Hi! I am working on defining a grid of points as a graph, the points act as the nodes and the relationship between these points ( which have to be defined) are to be defined as the edges. I am scripting it in c# on grasshopper using the QuikGraph library, I was wondering if anyone has worked on this topic and if this is the best way to approach this.
Hi @Aishwarya_Arun,
Heteroptera already has a nice set of tools for working with graphs.
There is also networkx if you want to switch over to python.
It only works in rhino 7 with an older version of networkx but much of the core functionality is the same… I’ve gotten a newer version working but only through HOPS.

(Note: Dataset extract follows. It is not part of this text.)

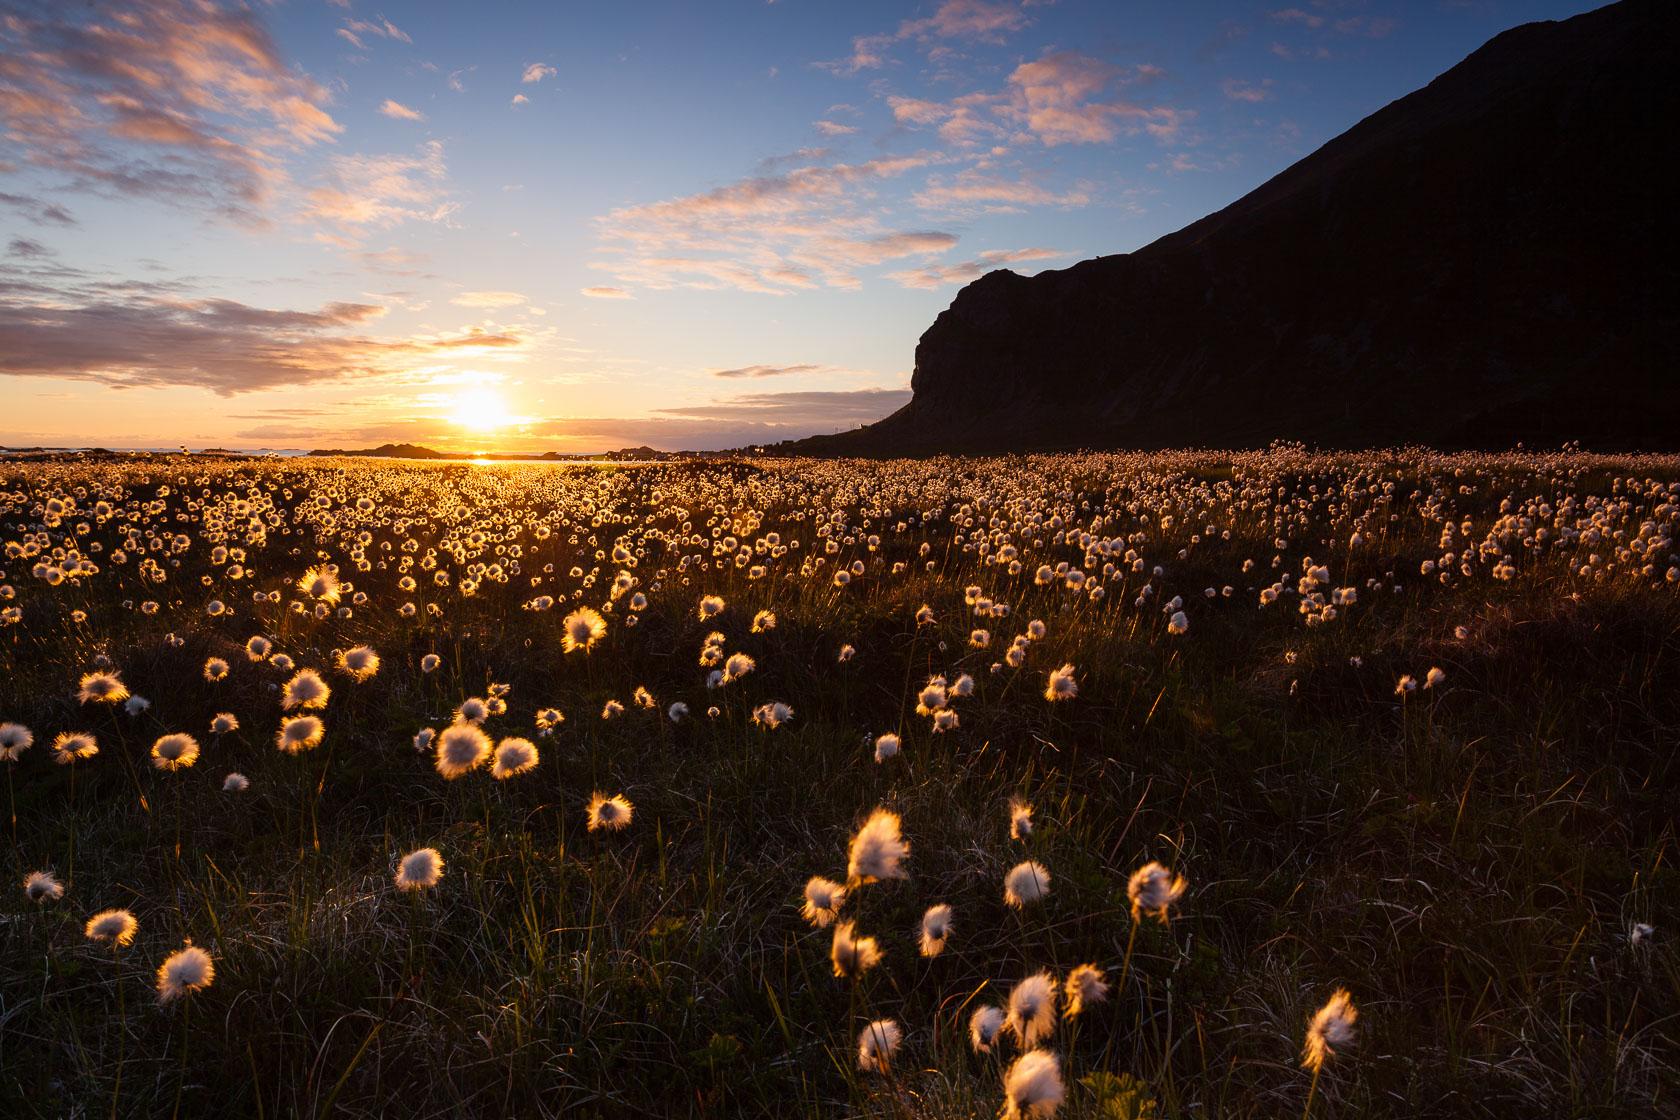 Soleil de minuit sur les linaigrettes, dans les îles Lofoten, en Norvège

Well … I have more than 100 C#'s dealing with Graphs. Some are entry level/simple (say up to 300 lines) some not so (say 1-2+K lines). Most are strictly internal. Since I’m in the AEC market sector the scope is to outline trusses/envelopes/etc … and all related parafernalia: island/bridge detection, weak regidity detection/fix, short A* paths, routing in general (Ham/PMST/TSM/etc), clash checks/fixes, interactive on the fly node mods … blah, blah.
So if you need tips … post your code(s) here assuming that (a) are public, (b) you can deal 100% with the Connectivity (VV, VE, EV) part of the story, (c) your goals are more or less well defined.
That said I never work - for more than obvious reasons - with any kind of add-on (other than K2).
The question is too generic. Which type of graph is best suited is up to the problem. In programming, graphs are usually used to organize data. Apart from Arrays, all collections are graphs. A List of T is a (simple) graph. A Dictionary as well. There are tree structures like Binary Trees, Kd Trees etc. A mesh is basically just a graph. But what you need is up to the problem. However, I would always advocate for understanding the topic and implementing it for yourself. I’m rather against using plugins/libraries for simple things. Although understanding recursion is not easy for beginners, it will pay off at the end.